The public option for banking

The Bank of North Dakota (BND) is owned and operated by the state of North Dakota, and is the only publicly owned bank in the United States. Founded in 1919 as a response to a credit crisis, BND has helped North Dakota weather the current economic recession. According the North Dakota Department of Commerce, in 2009, the 90-year-old BND turned a profit of $58.1 million, which went into the state’s general operating fund. No surprise that North Dakota is currently one of two states still showing a budget surplus. (The other is Montana.)

You can find two excellent articles on the growing push for publicly owned banks, here and here. According to author Ellen Brown, there are bills pending in Washington State, Illinois and Michigan to create publicly owned banks, and seven candidates for governor are campaigning for state-owned banks.  The proposed public banks are modeled after BND.

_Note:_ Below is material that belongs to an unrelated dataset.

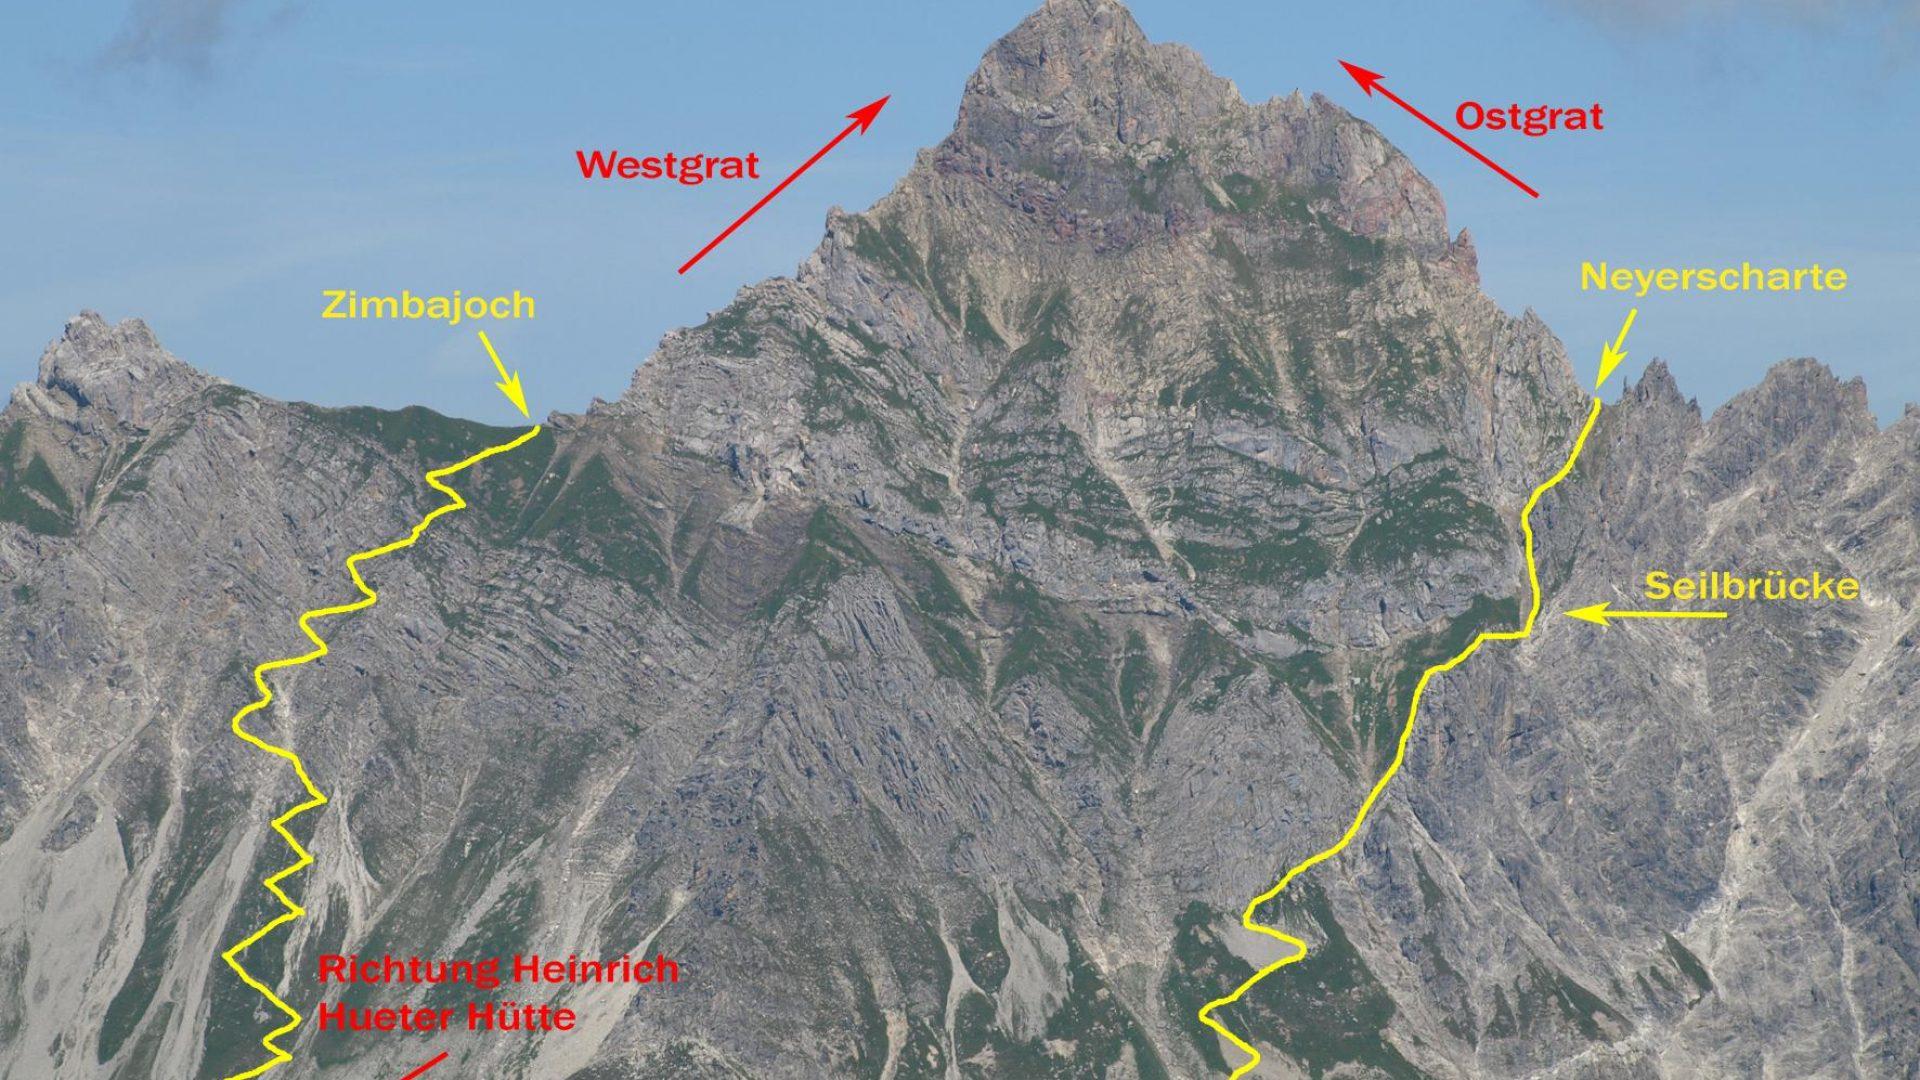 Klettersteig Map : Klettersteige in vorarlberg

The Bank of North Dakota acts as a “bankers’ bank,” partnering with other banks in “participation loans,” which allow them to compete with larger banks. In a participation loan, the community bank originates the loan and takes responsibility for it, while the participating bank contributes funds and shares in the risk and profits. The Bank of North Dakota also makes low-interest loans to students, farmers and businesses; underwrites municipal bonds; and provides liquidity for more than 100 banks around the state.

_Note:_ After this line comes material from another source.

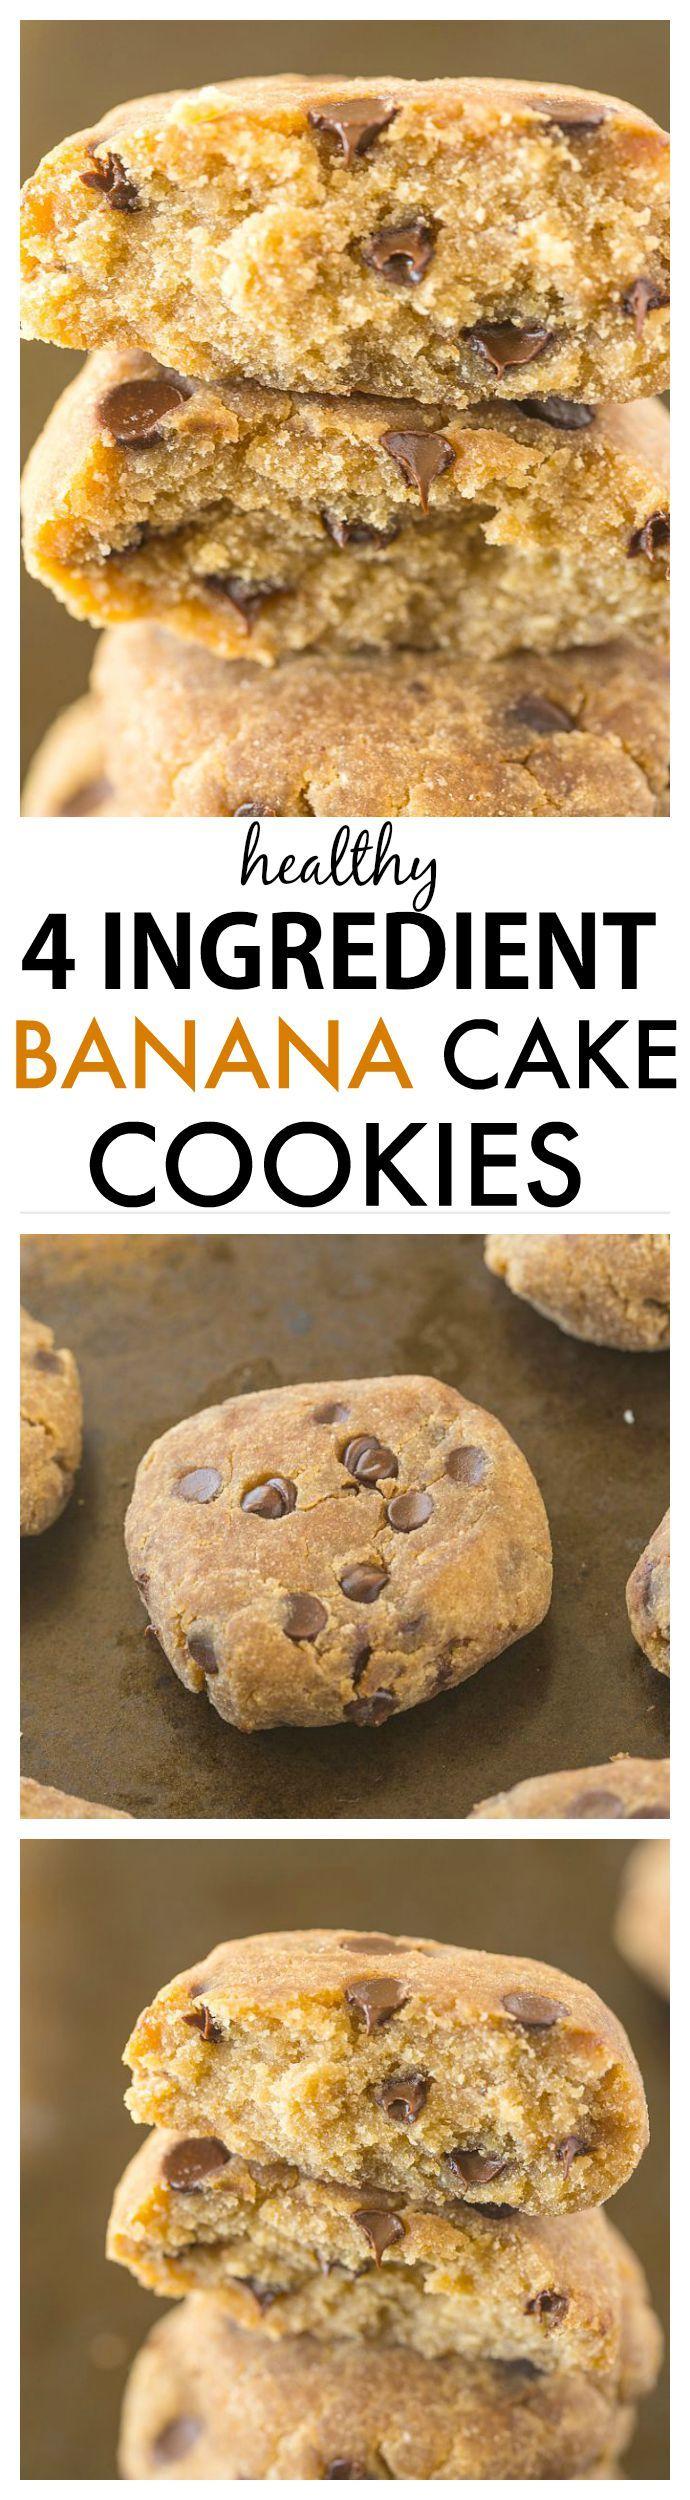 Galletas sanas 4 Ingrediente torta del plátano Cookies- parecido a un pastel que necesitan solo cuatro ingredientes y 12 minutos- Usted no cree que esta deliciosa receta es tan saludable también!  {Paleo, vegetariana, sin gluten} - thebigmansworld.com

Brown is passionate about the need for publicly owned banks, and sees them as an ideal way to keep wealth in the community.

We the people have given away our sovereign money-creating power to private, for-profit lending institutions, which have used it to siphon wealth from the productive economy. If we were to take that power back, we could generate the credit we need to underwrite a whole cornucopia of projects that we don’t even consider because we think we lack the “money.” We have the labor and we have the materials; we just lack the “liquidity” necessary to put them together to create products and services.

Money today is just a ticket, a receipt for work performed and goods delivered. We can fund the work we need done by creating our own credit. The real promise of publicly owned banks is not that they can bail out subprime borrowers but that they can jumpstart the economy by creating real wealth. They can provide the liquidity to put labor and materials together, allowing the economy to build and grow. Our private, profit-driven banking sector has been bleeding wealth from the rest of the economy. Public-interest banks can transfuse the economy with the credit it needs to flourish and be productive once again.